Trainees that have been training and haven't been exposed to lower volume training, or at least training that is within their ability to recuperate often find that they absolutely EXPLODE with strength and size gains when first doing a “real-world” routine. MANY people that have tried DC's, or my training philosophies for the first time after doing many things wrong, and BAM!! These guys are adding big chunks of iron EVERY WEEK to the bar, and gaining size on a regular basis. Many of my training clients put on 10-30 lbs of lean mass in 3-6 months of training under my guidance and I know Dogg does the same if not more for his people.

Going from a bodybuilding to a PURE STRENGHT program is another time when you can see some phenomenal weight progression each session. Doing low reps without much extra volume or higher rep work can equate to some BIG strength increases. Just be aware a LARGE percentage of these types of gains TEND to be from neural recruitment gains as opposed to actual hypertrophy gains. Westside Barbell training has enough volume and pure strength focus that most guys build a good degree of size and strength while doing them. Refer to the article on “Making Westside work for you” for more info.

And of course, we have the crazy-sick type gains a lot of guys get when doing their first couple of cycles, doing their first BIG DOSE cycle (especially with gear that has a lot of nerve excitability properties), or gear that makes one become the “water boy” like Anadrol. While I sure won't tell anyone that decides to take this course to not take advantage of these big gains, I will be the first to tell you to BE CAREFUL and keep your ego in check. ESPECIALLY if doing lower reps. Adding 50-75 lbs, to your bench and 100-125 to your squat/dead, in an extremely short period of time occurs for SOME guys when going on their first, or first BIG cycle, and one thing that doesn't keep pace with these big weight increases in connective tissue/tendon strength. The muscle growth far outstrips the connective tissue strength increase and if form isn't perfect…..well, lets just say LOTS of guys end up injured that way.

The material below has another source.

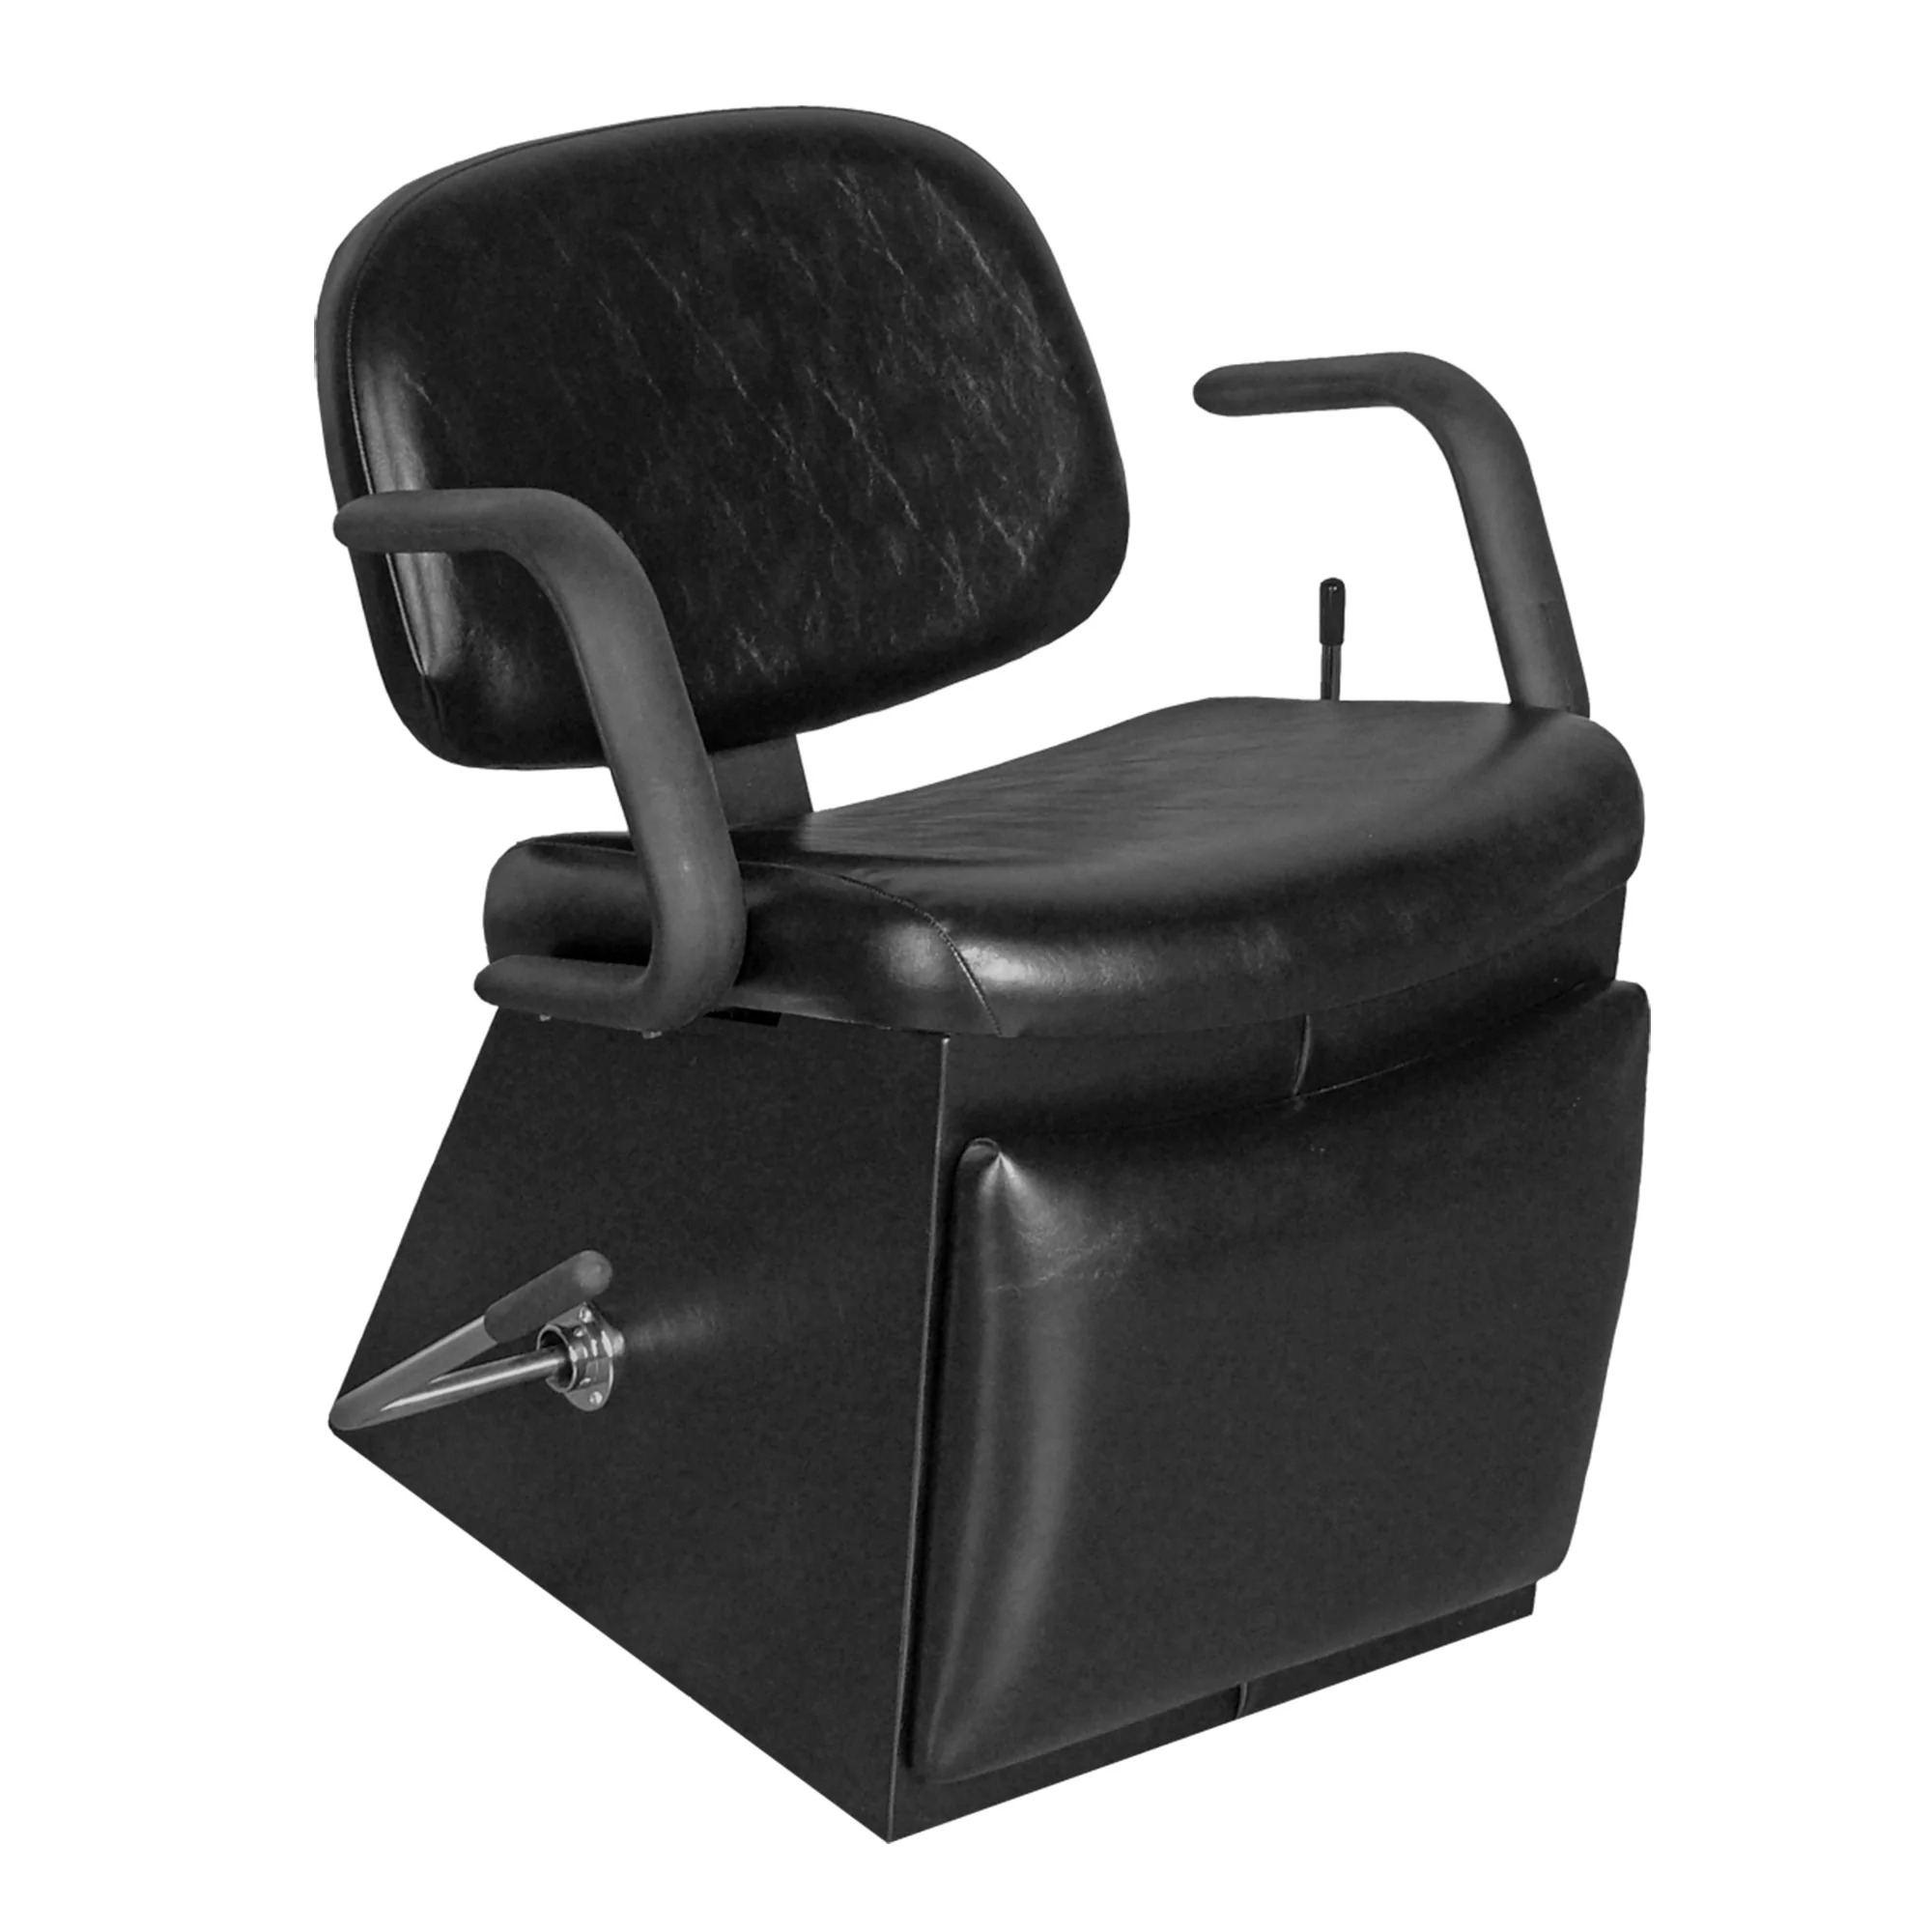 Collins JayLee Shampoo Chair with Leg Rest - COL-1950L

I will also go out on a limb here and state that IF you are training and EATING properly, progress on squats, deads, and leg-presses should be fast and ALMOST linear for beginning and low-intermediate trainees. This means if you haven't been training your lower body with focus, or at all, you should have a FAST-TRACK trip to squatting and deadlifting 300-400 for rep work. Upper body (for many reasons) does not usually progress as fast, nor in as much a linear fashion, but should still be regular and consistent. If it's not with what you are doing now, its time you make some changes. As I have stated a thousand times, if it's not working now, how the hell is supposed to magically “start working” one day?

Iron Addict


----------